Robustness Enhancement of Universal Noncyclic Geometric Gates via Evolution Optimization

TL;DR

This paper systematically evaluates noncyclic geometric quantum gates, optimizing their evolution conditions to significantly improve robustness against errors, and validates their feasibility in superconducting circuits.

Contribution

It provides a comprehensive analysis of noncyclic geometric gates, identifies optimal conditions for robustness, and demonstrates their practical implementation in superconducting quantum systems.

Findings

Optimized noncyclic geometric gates show enhanced robustness against systematic errors and crosstalk.

Validated high-fidelity noncyclic geometric gates in superconducting circuits.

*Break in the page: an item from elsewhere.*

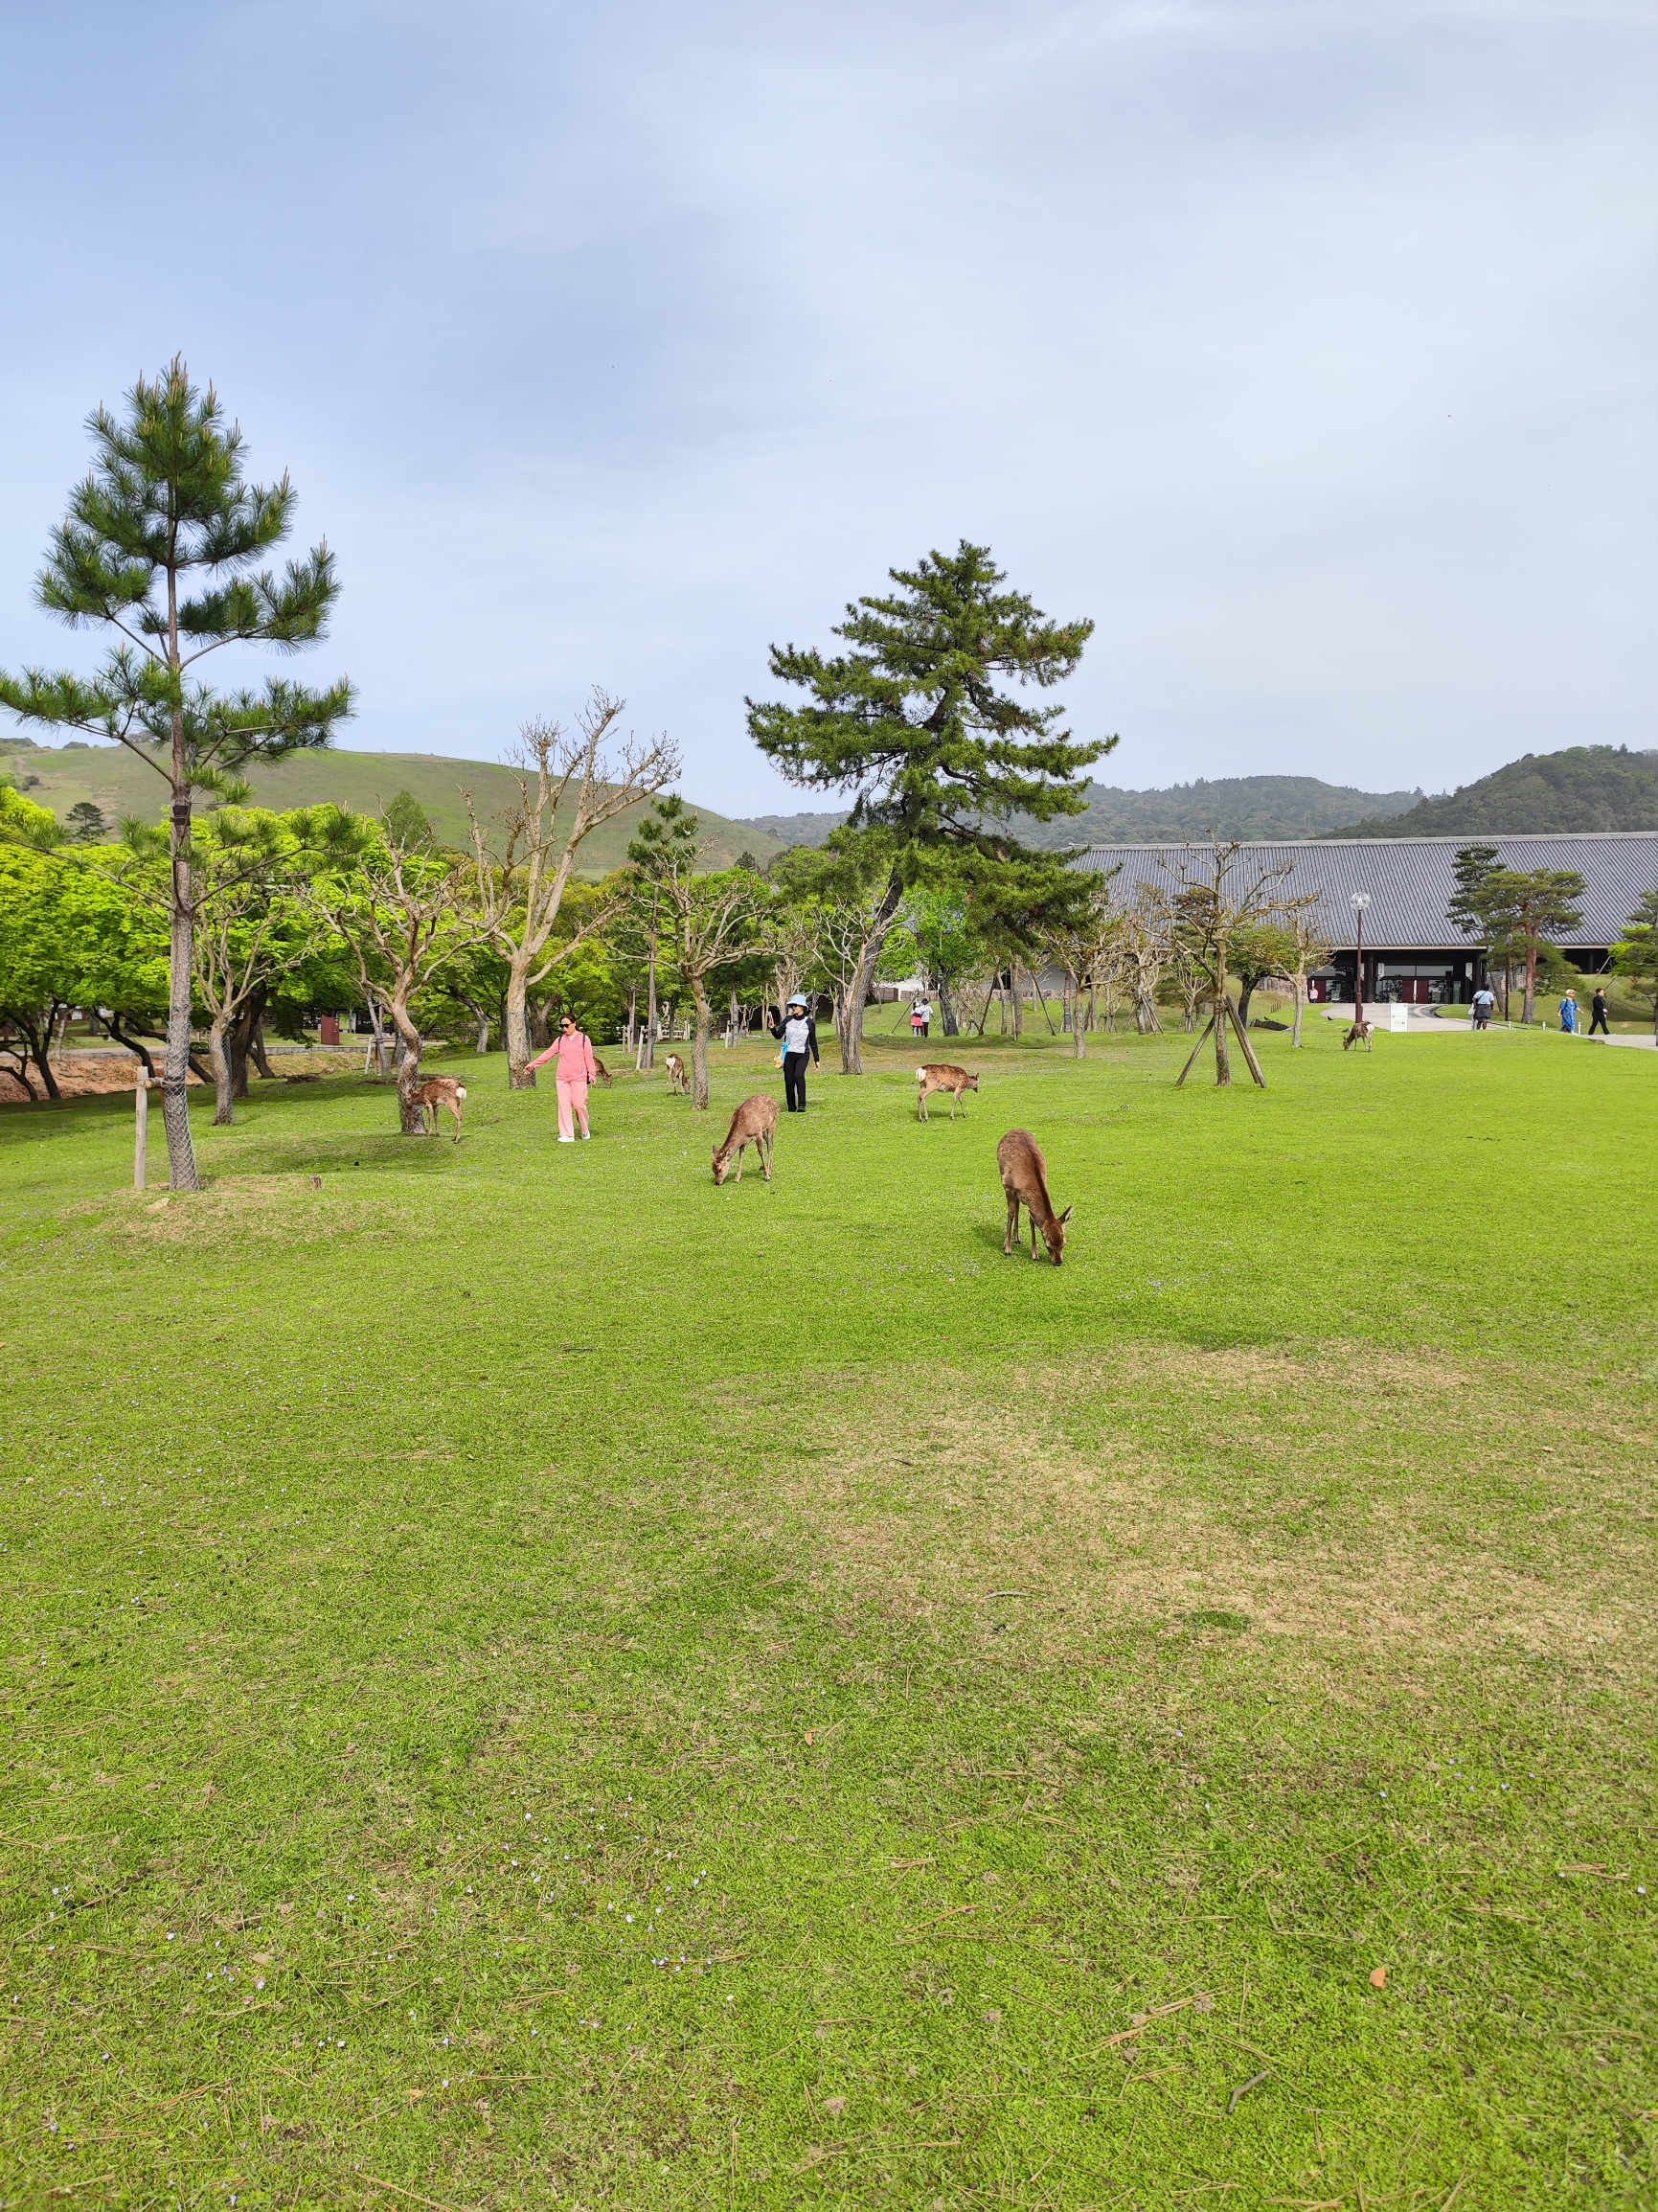 奈良公园是一个自然风光和历史古迹融合的公园。里面的东大寺（大华严寺）是世界文化遗产。若草山优美如画，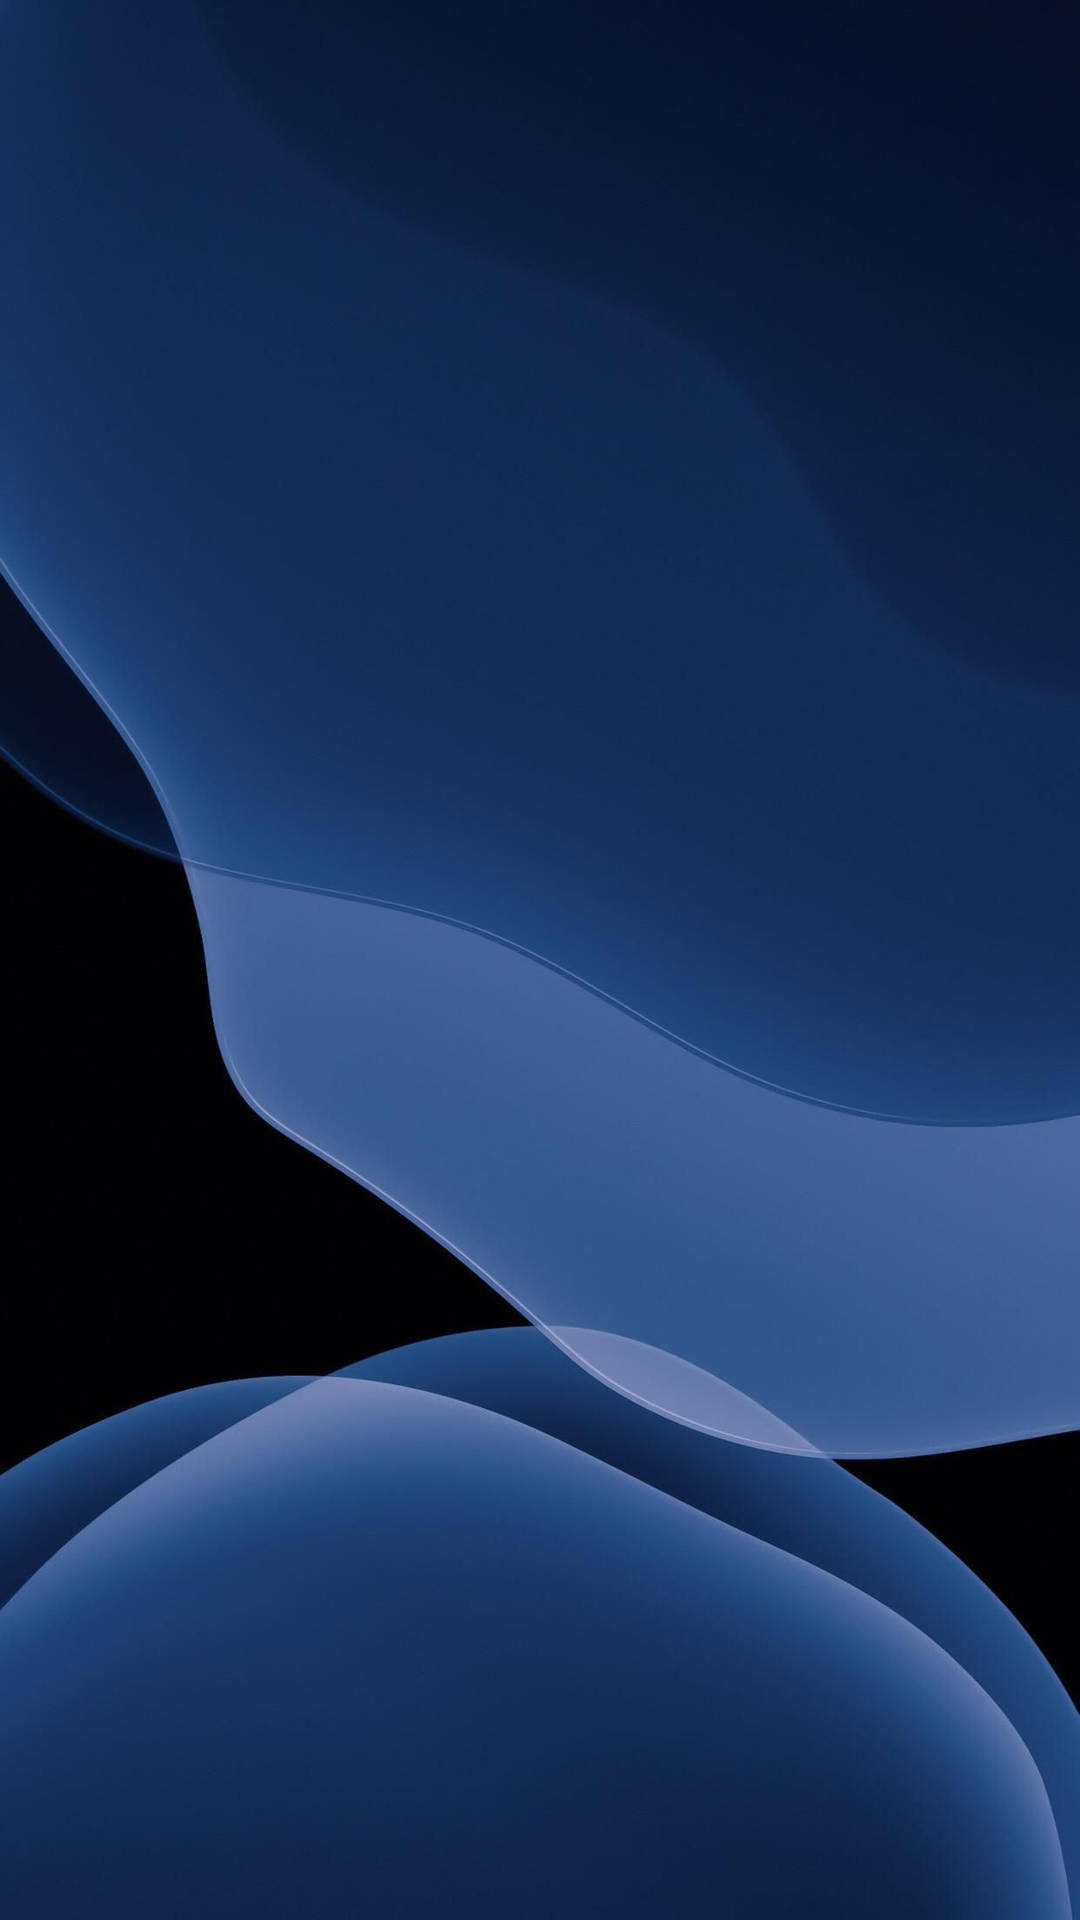 Cùng chiêm ngưỡng thiết kế tuyệt đẹp của chiếc iPhone 13 trên nền màu xanh, tạo nên một sự kết hợp hoàn hảo giữa ngoại hình và gam màu đầy cuốn hút. Đừng bỏ lỡ cơ hội để ngắm nhìn chi tiết của chiếc điện thoại đẳng cấp này trên nền nếu màu xanh đầy đặn!

Demonstrated robustness advantages over dynamical Rabi and cyclic geometric gates.

Abstract

Noncyclic geometric gates aim to overcome the stringent constraints of conventional cyclic conditions and enhance the flexibility in evolution choice. Conceptually, they can also avoid the error problems arising from the violation of cyclicity, thus holding significance for improving the fault tolerance of quantum gates. However, current research on noncyclic geometric gates lacks a comprehensive exploration of their flexibility in evolution choice and validation of their effectiveness in resilience against multiple error sources present in practical quantum systems. In this paper, we systematically evaluate all noncyclic evolution conditions, elucidate their corresponding potential geometric trajectories, and identify optimal conditions for enhancing gate robustness by quantifying the resilience of constructed noncyclic geometric gates against universal systematic errors and residual crosstalk error. The optimized gates demonstrate significant robustness advantages over representative dynamical Rabi gates and conventional cyclic geometric gates. Furthermore, we validate the physical feasibility of high-fidelity noncyclic geometric gates in superconducting quantum circuits, with focused investigation into the impacts of intrinsic leakage errors and decoherence effects. Therefore, this work establishes a critical foundation for robust gate implementation toward practical fault-tolerant quantum processors.